Iowa educators react to No Child Left Behind changes - KWWL - Eastern Iowa Breaking News, Weather, Closings

Iowa educators react to No Child Left Behind changes


Friday morning, President Barack Obama announced a major overhaul to the No Child Left Behind Act -- essentially ending the decade-old law as we know it. States now have the ability to opt out of the federal mandate, but they will have to prove they have a solid plan for improvement in place.

"Keep in mind the change we are making is not lowering standards, we're saying we're gonna give you more flexibility to meet high standards. We're gonna let states, schools and teachers come up with innovative ways to get our children the skills they need to compete for the jobs of the future," President Obama told a crowd of educators and students in the White House.

Just hours after the President's announcement, several state education leaders made it known they will seek a waiver to NCLB, including Iowa's Director of Education Jason Glass.

Glass said he will apply for a NCLB waiver next year, which means it will take effect in the 2012-2013 school year.

"We support and appreciate Secretary Duncan's efforts to improve this law," Glass said. "Iowa plans on responding to the calls for designing new school accountability systems. We will work with the major groups involved with education in Iowa and state policymakers to design a plan that makes sense for us over the long term. This work may begin before the end of 2011."

Local educators aren't entirely clear how the waiver will impact their classroom at this point, or how it might change things in the future. Jeff Thompson, a science teacher in Dunkerton Community Schools, said he doesn't focus on NCLB in his classroom. He focuses on students.

"I enjoy being there when an idea or concept finally gets across, or when they have success," Thompson said.

He doesn't need a high score on a test to know when a kid is successful. But for the past ten years, NCLB has required teachers, districts, and states to follow strict guidelines for evaluating student achievement.

"No Child Left Behind has done some very positive things for groups of students who were often overlooked, like kids with disabilities and kids in poverty," said Glass. "However, measures it prescribed to decide which schools were succeeding or failing were too narrow.

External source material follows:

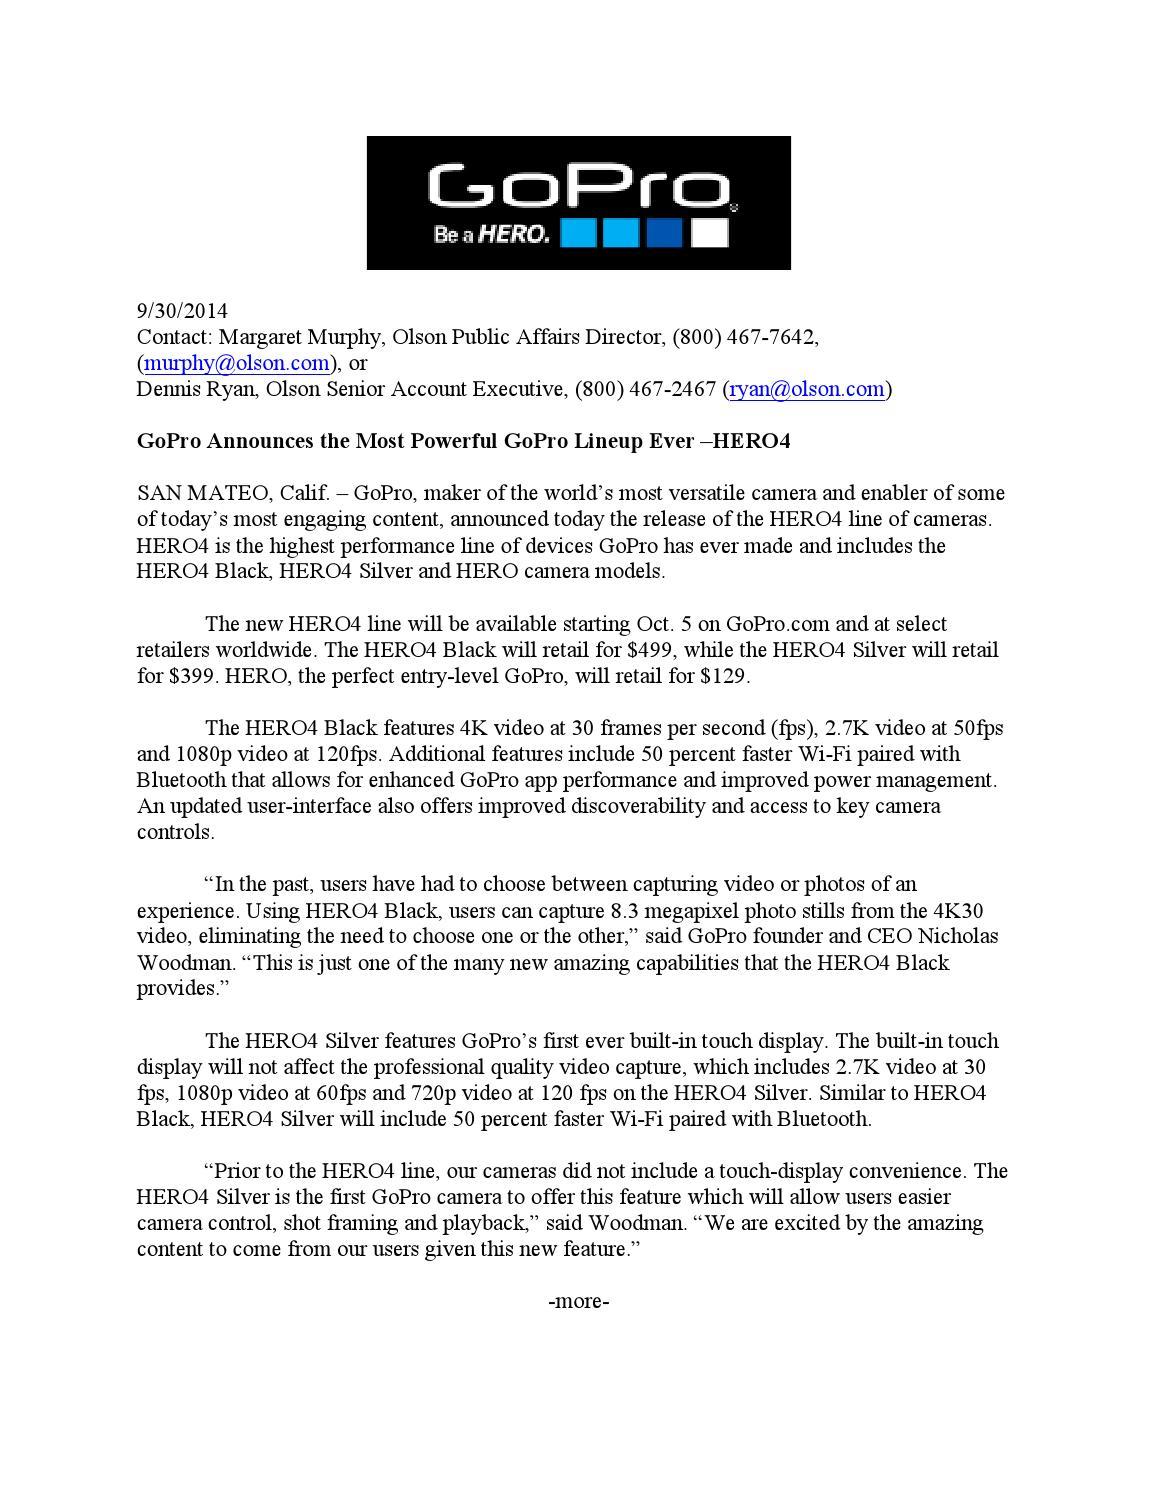 GoPro Media Kit by vmr0005 - issuu

Student achievement should be central, but we should also look at student growth and other aspects of schools beyond tests to see if they are successful for kids."

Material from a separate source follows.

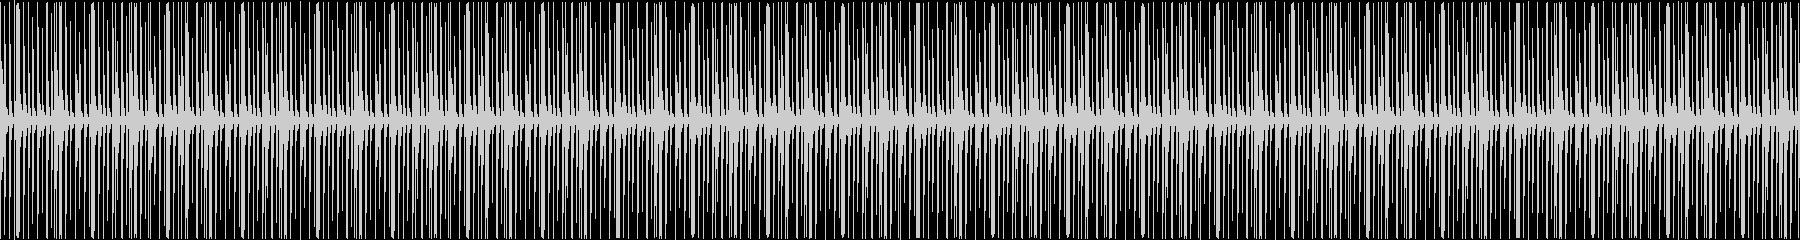 BPM96の生音ドラムソロの未再生の波形

Superintendent of Dunkerton Schools, James Stanton, agreed with Glass.

"I think the intention of it was good. I just think, there were a lot of things in there that, from a practical standpoint, or from a small school standpoint -- an Iowa standpoint -- they weren't real practical," he said.

The one-size-fits-all testing, and the paperwork that along goes with it, are among the flaws cited by educators. But, in Dunkerton, they've followed the plan for one simple reason.

"In all honesty, for us, they have a $7 million carrot that they hold out in front of us," said Stanton.

Assuming Glass follows through on a decision to opt out of NCLB, the state -- and Dunkerton -- will have more flexibility with federal education funds. But first, Iowa needs to lay out its plan for reforming K-12 education.

"When we know more specifics, then we'll start to look at what we're going to do, and maybe get a little bit excited. But right now, it's hard to," Stanton admitted.

Thompson, for one, has heard the call for reform before. He hopes, this time, change is made by the right people.

"You just hope the people that have the most knowledge, the most interest are the ones that have the chance to make the final decisions on this. Parents and students and teachers... and not politicians in Washington," Thompson said.

Last year, more than 500 Iowa schools failed to meet NCLB targets in reading and math. In order to receive a waiver, state leaders will need to submit a comprehensive plan for improvement to the U.S. Department of Education.